Speaking about ARM in particular, ABI for 32 bit platforms is covered in about a dozen of separate documents.

Linux kernel

Linux kernel ABI is known to be very stable, which in practice means that any program compiled for an old kernel (let’s say 10+ years old) has a very good chances to run on modern kernel. This is ensured, in particular, by keeping system call interface stable, so for example type or number of parameters never changes, and system calls are never removed.

Note: internal kernel ABI and API is not stable at all, interfaces are often refactored and changed for the better, triggering corresponding changes in modules that are using them.

libc

Libc is generally backward-compatible, however nowadays glibc provides versions for its exported symbols, meaning that program compiled with newer glibc cannot be run on older version. This is why some people keep old Linux version on a build server for compiling and linking against old libc.

Shared libraries

Shared libraries typically use major-minor (sometimes also patch) version scheme, e.g. libfoo.so.X.Y, with major version changing together with incompatible ABI changes, and minor or patch versions chaning with compatible changes/bug fixes.

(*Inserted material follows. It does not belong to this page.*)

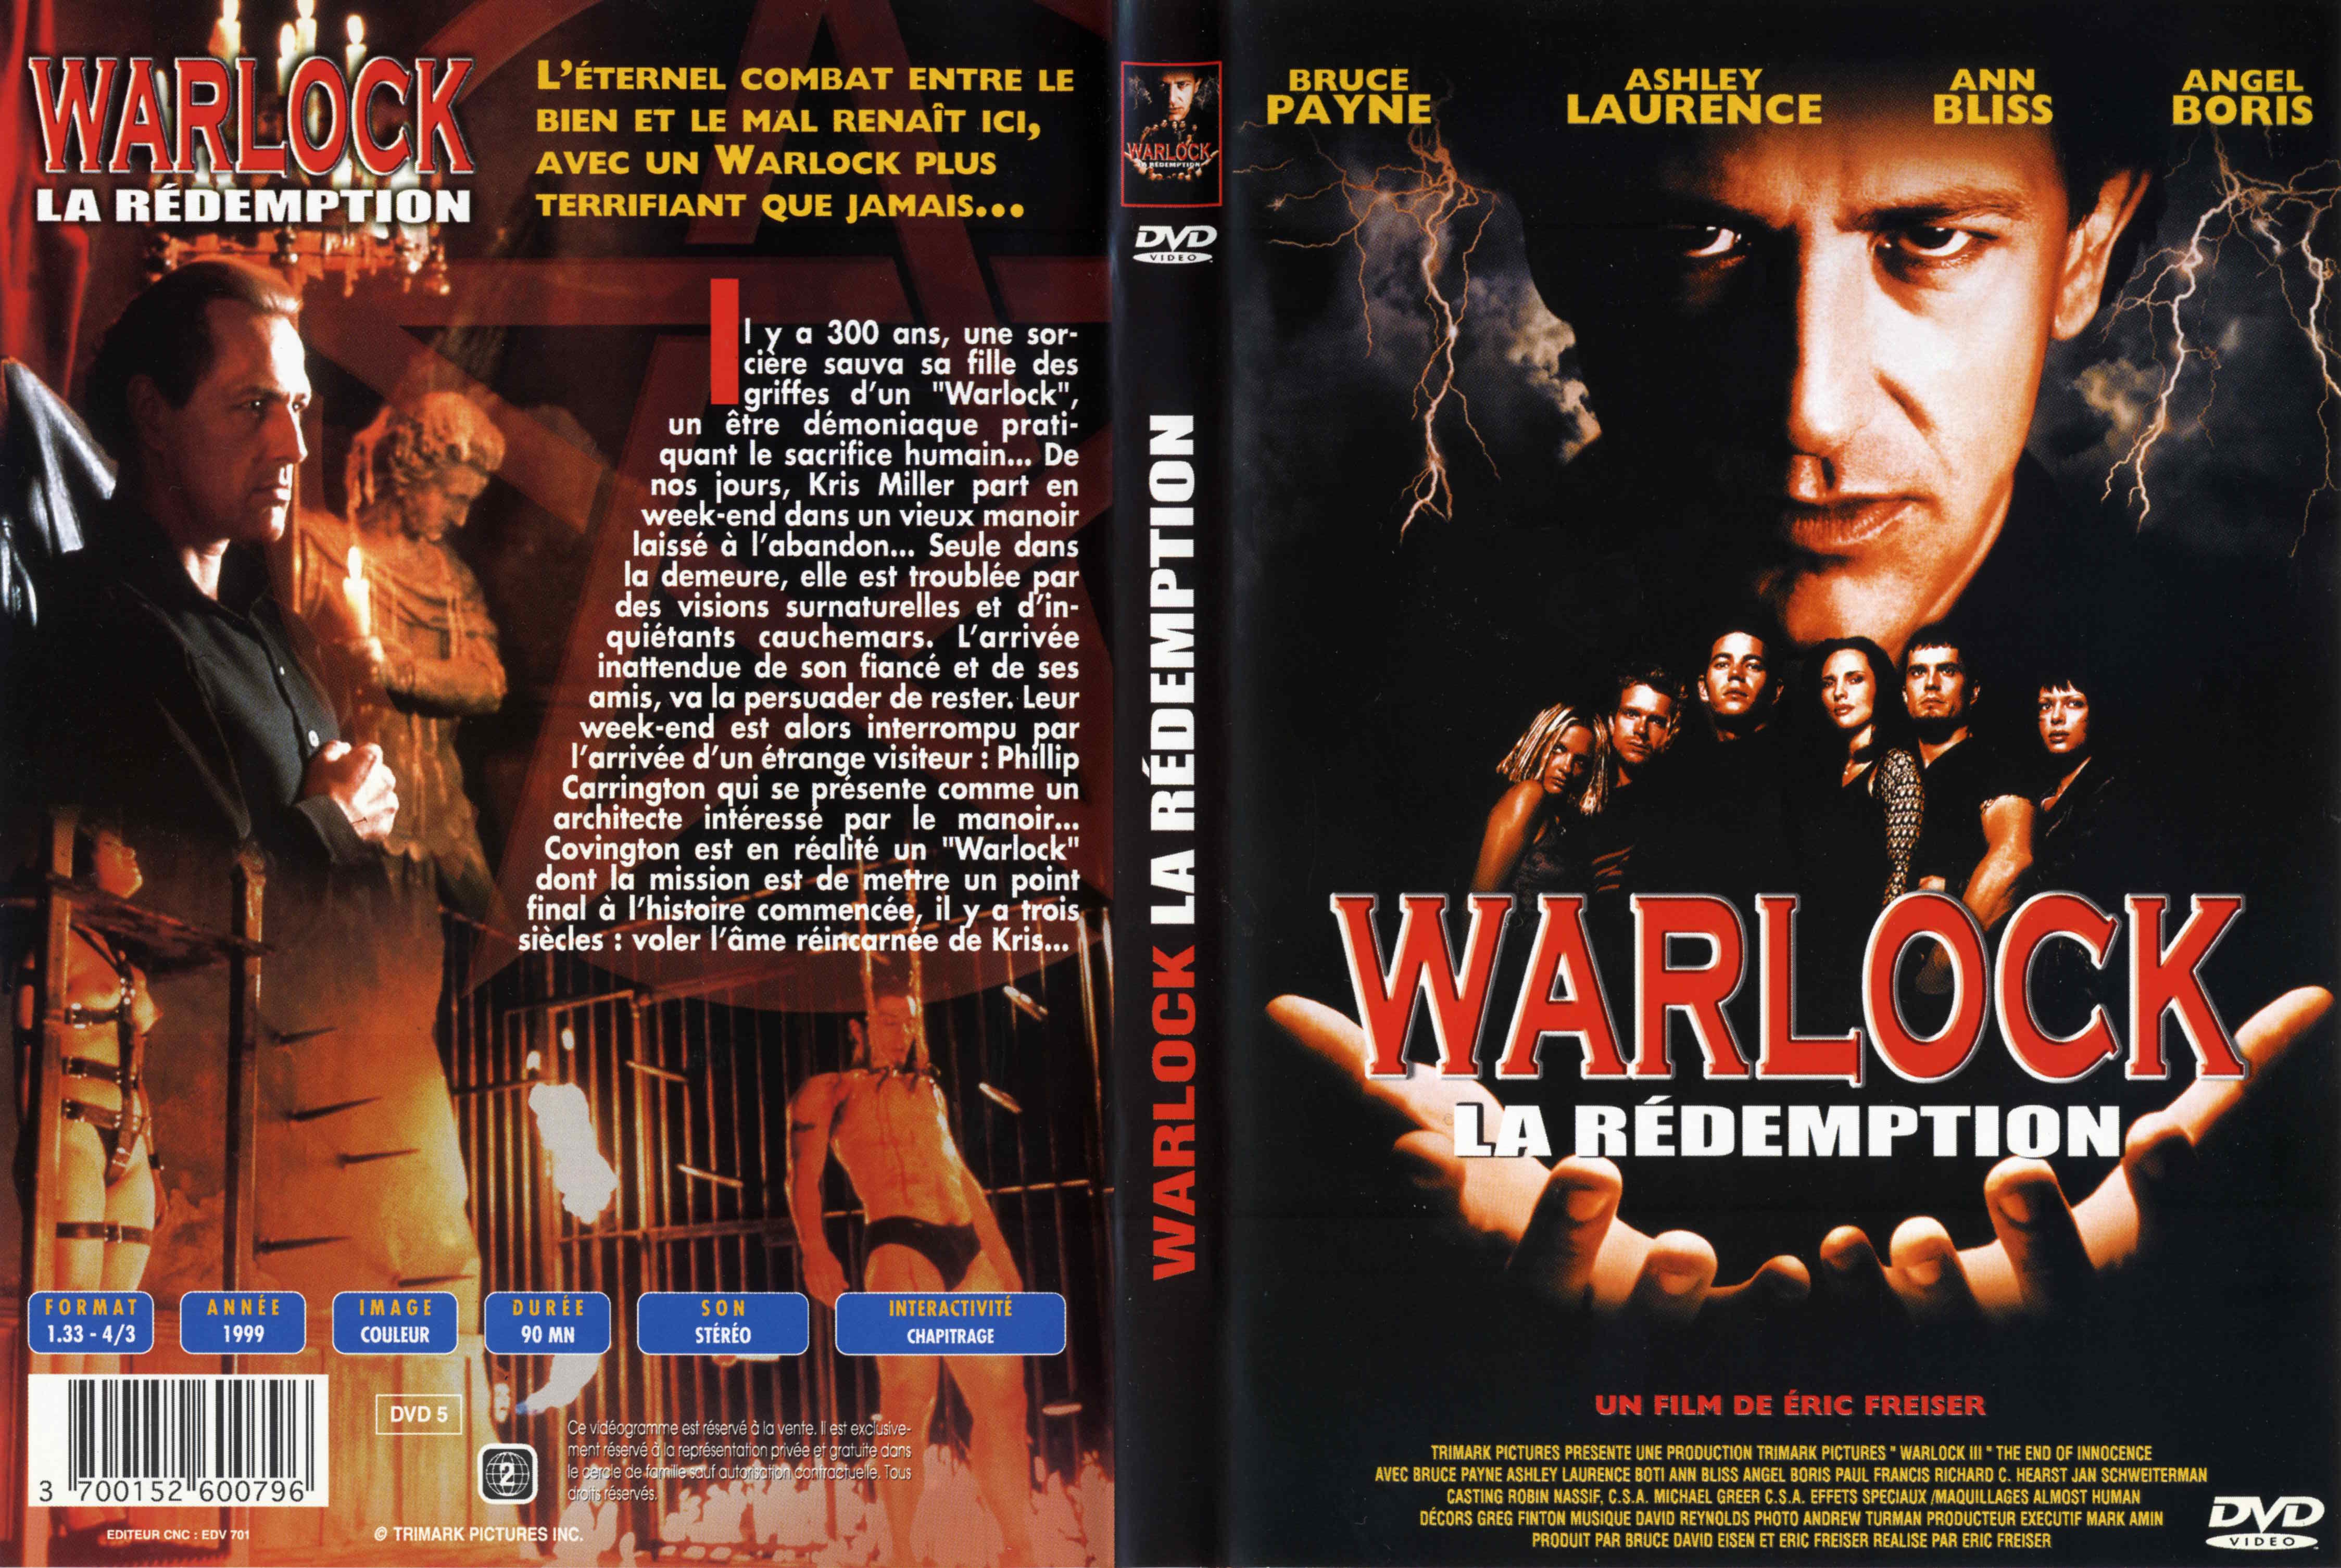 Jaquette DVD Warlock la rdemption v2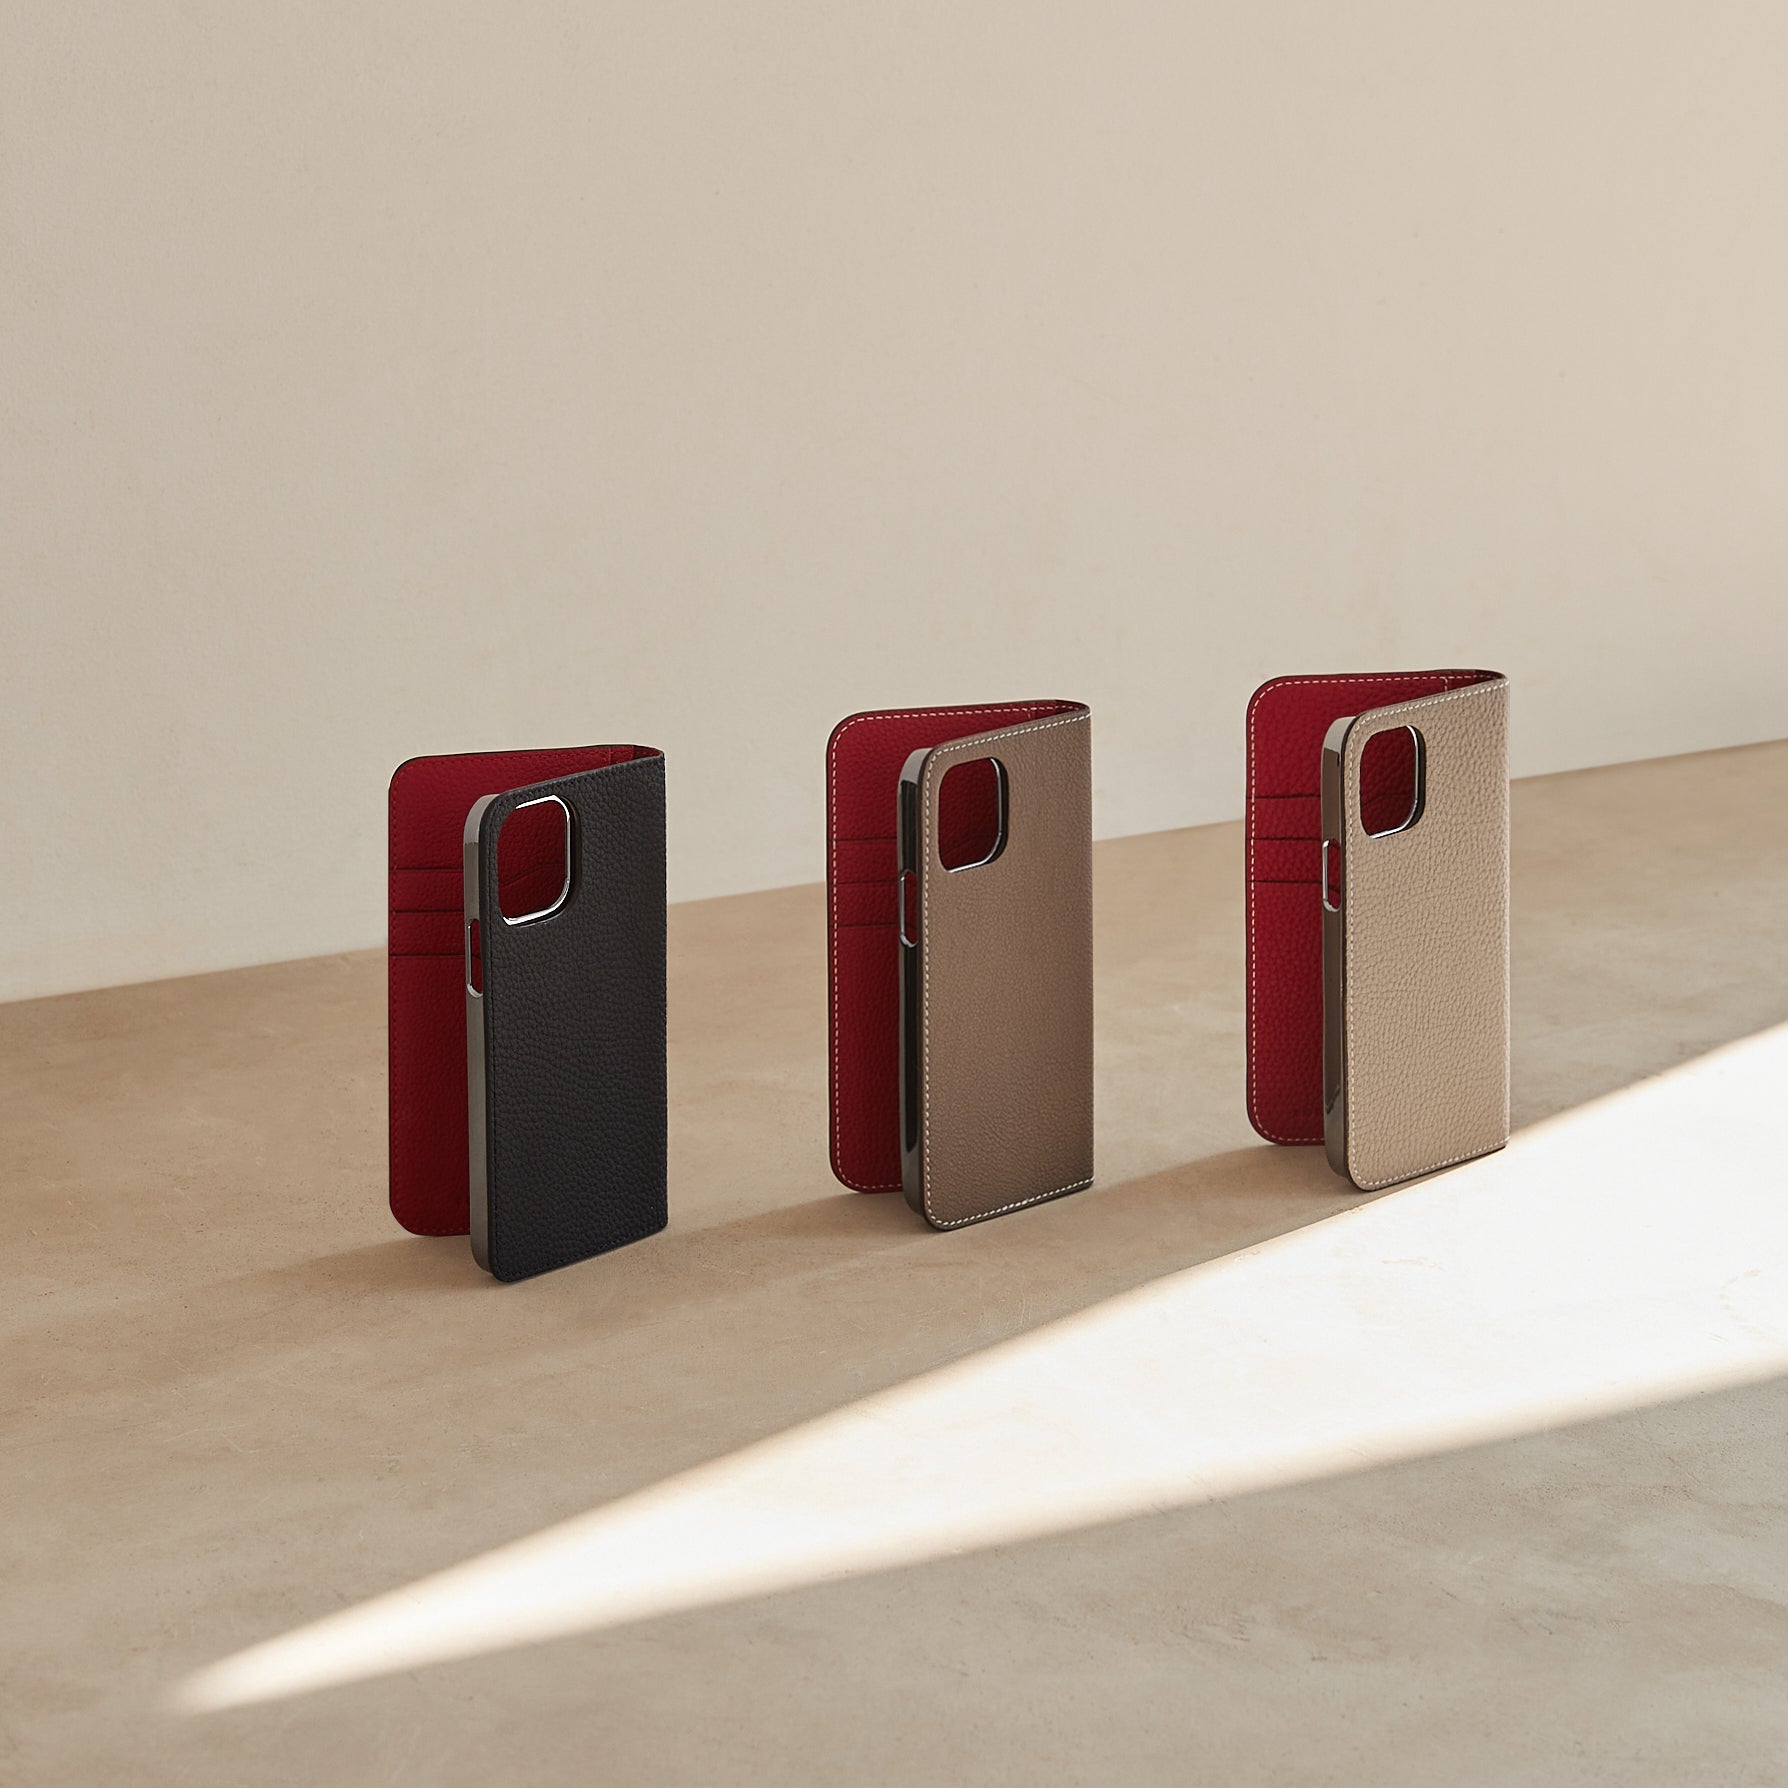 BONAVENTURA iPhone Diary Cases aus Fjord-Leder in verschiedenen stilvollen Farbkombinationen.

Here’s a good article on the topic.

Since different distributions contain different sets and versions of libraries, it’s typical for proprietary Linux programs to ship with all of its dependent libraries, wrapped with LD_LIBRARY_PATH scripts.

Compilers

Compilers are naturally related to ABI, since they actually produce machine code. And speaking of C/C++, since language standard doesn’t enforce any particular ABI, code produced by two different compiler or two versions of the same compiler is generally incompatible. Quoting this SO post:

This lack of compatibility also extends to different versions of the same compiler. In general, programs and libraries compiled with older and newer versions of a compiler cannot be linked together, and those compiled with MSVC cannot be linked with those compiled by GCC.

There is a specific and very useful exception. Every platform provides a dynamic linking ABI (Application Binary Interface) and any program in any language that can conform to that ABI is compatible. Therefore it is generally possible to build a DLL (on Windows) with MSVC (or something else) and call it from a program compiled by a different version of MSVC or by GCC and vice versa.

Toolchains

Further related to compilers is a notion of toolchain, which usually consists of compiler, binary utils (e.g. as or ld), libc, debuggers, etc. Linux toolchains are usually named using the following scheme: arch-vendor-(os-)abi, for example arm-none-eabi-gcc.

Personal anecdote: kernel compiled with a newer version of the same toolchain silently crashed on start, while using two years older version produced a working kernel.

Written on January 31, 2020